Это была последняя фраза, услышанная Тиллимом. Посланный в нокаут сокрушительным ударом, он вывалился из автобуса на тротуар, потому что печальный инцидент произошел как раз возле самой остановки «Петропавловская крепость». Стоявшие поблизости люди прониклись к нему сочувствием и жалостью — мир, как известно, не без добрых людей! — а некоторые из сердобольных прохожих даже попытались привести Папалексиева в чувства. Чьи-то заботливые руки били его по бледным щекам, кто-то расстегивал ему ворот рубашки. Он лежал на асфальте распластанный, в распахнутом пиджаке, из карманов его вывалилась куча тех самых хрустящих бумажек, которые огромное число людей считает главным залогом человеческого счастья. Ветер разносил разноцветные, напоминающие конфетные фантики купюры, они разлетались, шурша, в разные стороны, взмывали в небо и кружились там пестрым хороводом, некоторые из них опускались прямо на воду и плыли по невской глади, увлекаемые речным течением. Другие летали совсем рядом, кувыркаясь в воздухе, дразнили своей досягаемостью растерявшихся пассажиров, стоявших на остановке. Зрелище это вызвало усиленное сердцебиение у многих из них.

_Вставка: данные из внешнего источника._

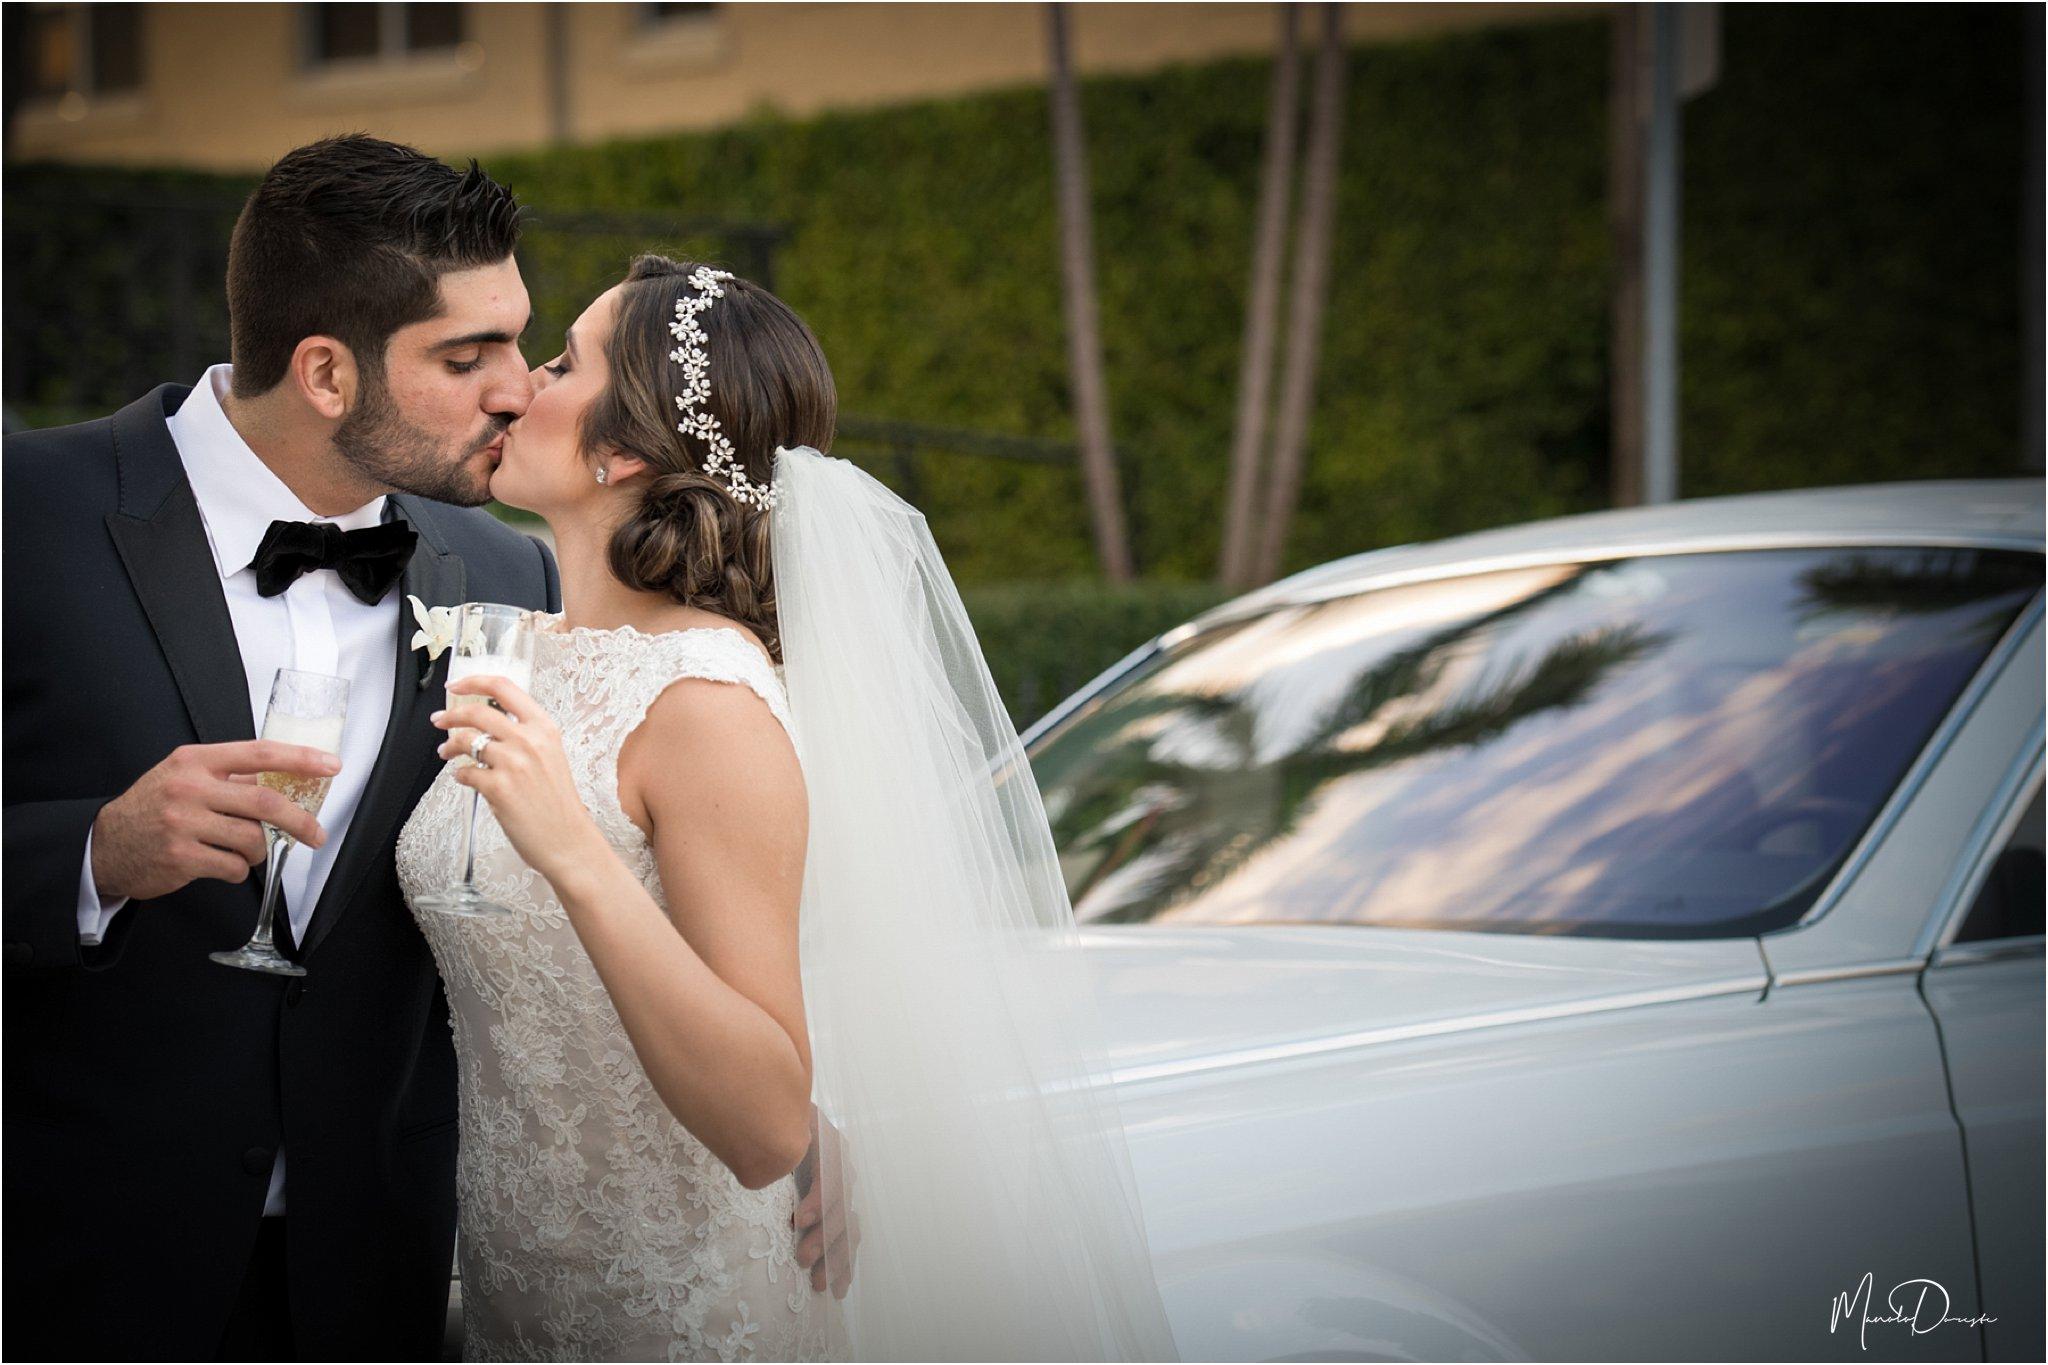 00941_ManoloDoreste_InFocusStudios_Wedding_Family_Photography_Miami_MiamiPhotographer.jpg

Все вместе они вдруг засуетились, как одержимые принялись бегать, размахивая руками, прыгать и приседать, в надежде ухватить хоть какую-нибудь бумажку, парящую перед самым носом и готовую вот-вот улететь под облака.

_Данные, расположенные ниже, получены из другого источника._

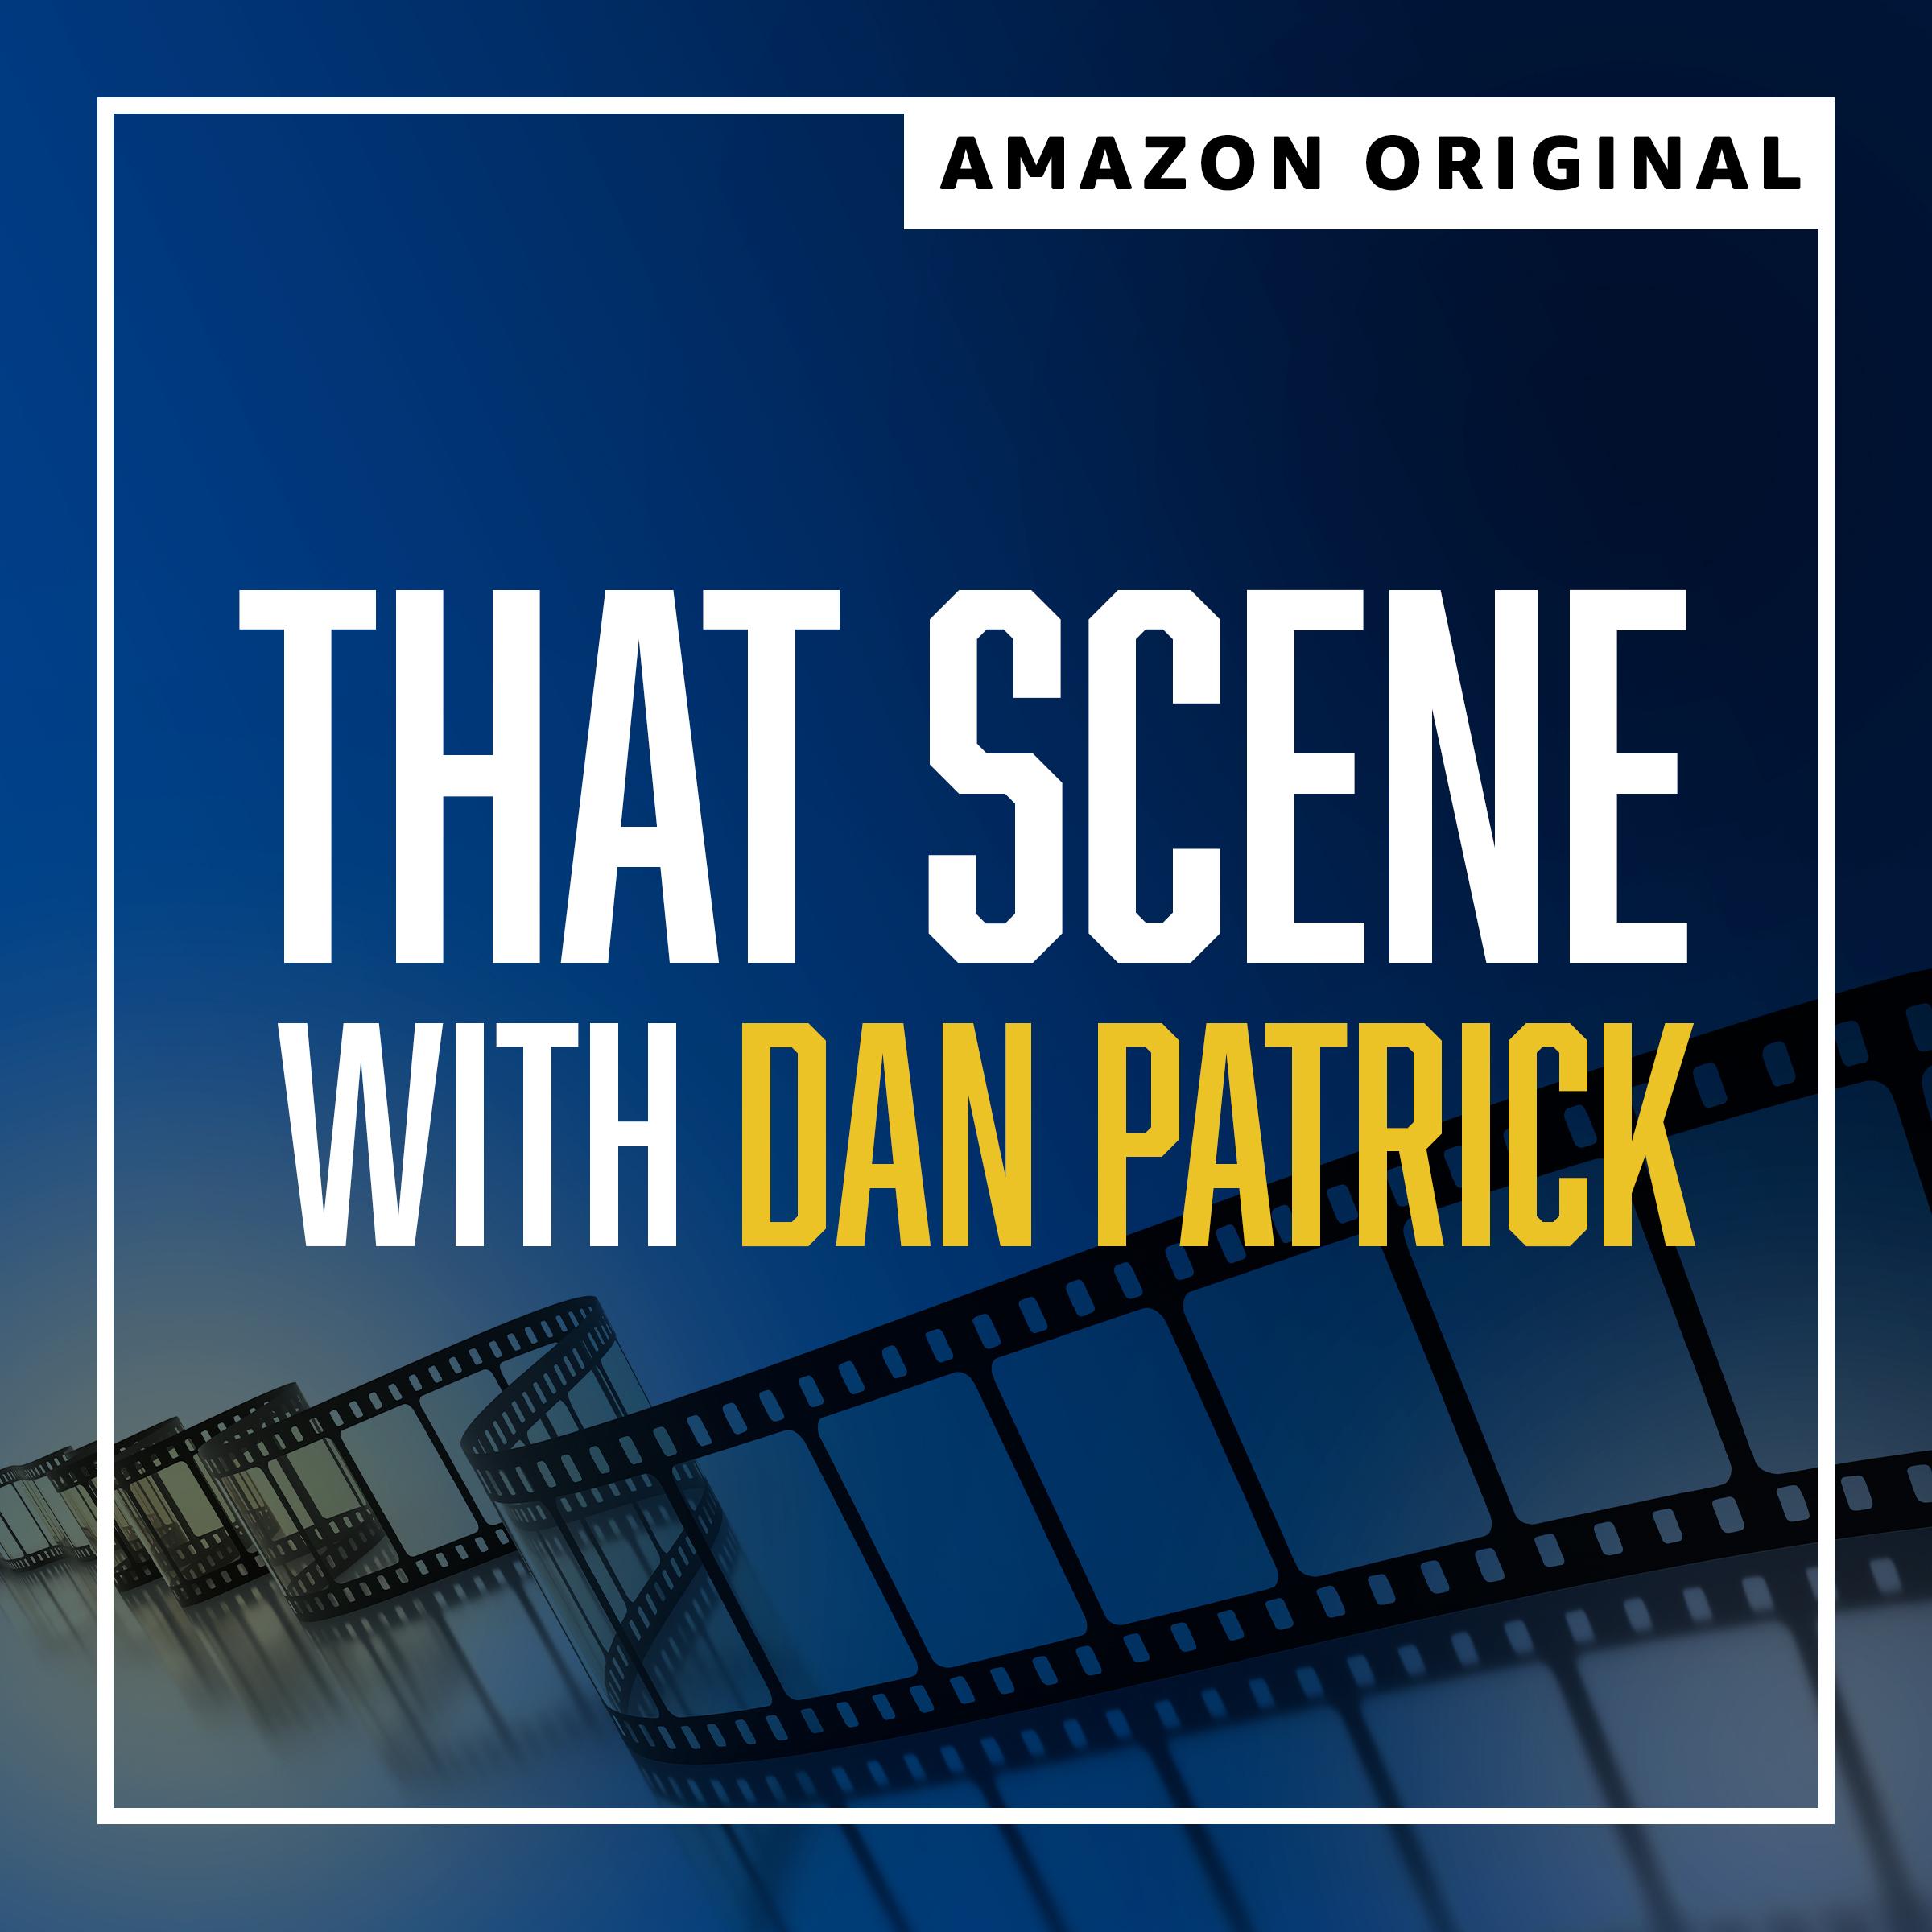 That_Scene_S2_Amazon_Original_2400x2400 (1)

Тиллим в это время, придя в чувства, продолжал неподвижно лежать на тротуаре и, уставившись в небо, клял все на свете: свою неустроенную жизнь он отчаянно разносил по матери, Авдотью честил, увенчивая эпитетами нелестного бульварно-заборного происхождения ее бабку, и вообще желал, чтобы этот безалаберный, суматошный мир разразил гром. Внезапно в небе над Папалексиевым заклубились хмурые облака, их в свою очередь очень быстро сменили зловещие свинцовые тучи, и вот на землю полились водяные потоки — словом, разверзлись хляби небесные… Дул свирепый, свистящий ветер и, срывая листву с деревьев, остервенело носил ее по воздуху, подобно тому как еще совсем недавно играл Тиллимовыми деньгами. Разоренный Папалексиев, бичуемый дождевыми струями, кое-как добрался до милых стен Петропавловской крепости. Сидя возле холодных камней неприступного бастиона, он истекал слезами и исходил ненавистью к виновникам своего горя. Он не читал ветхозаветной Книги Иова, благодарившего Бога за ниспосланные страдания, и поэтому, отчаявшийся и озлобленный, бросив вызов властолюбивой бабке Авдотье, побежал вокруг крепости против часовой стрелки.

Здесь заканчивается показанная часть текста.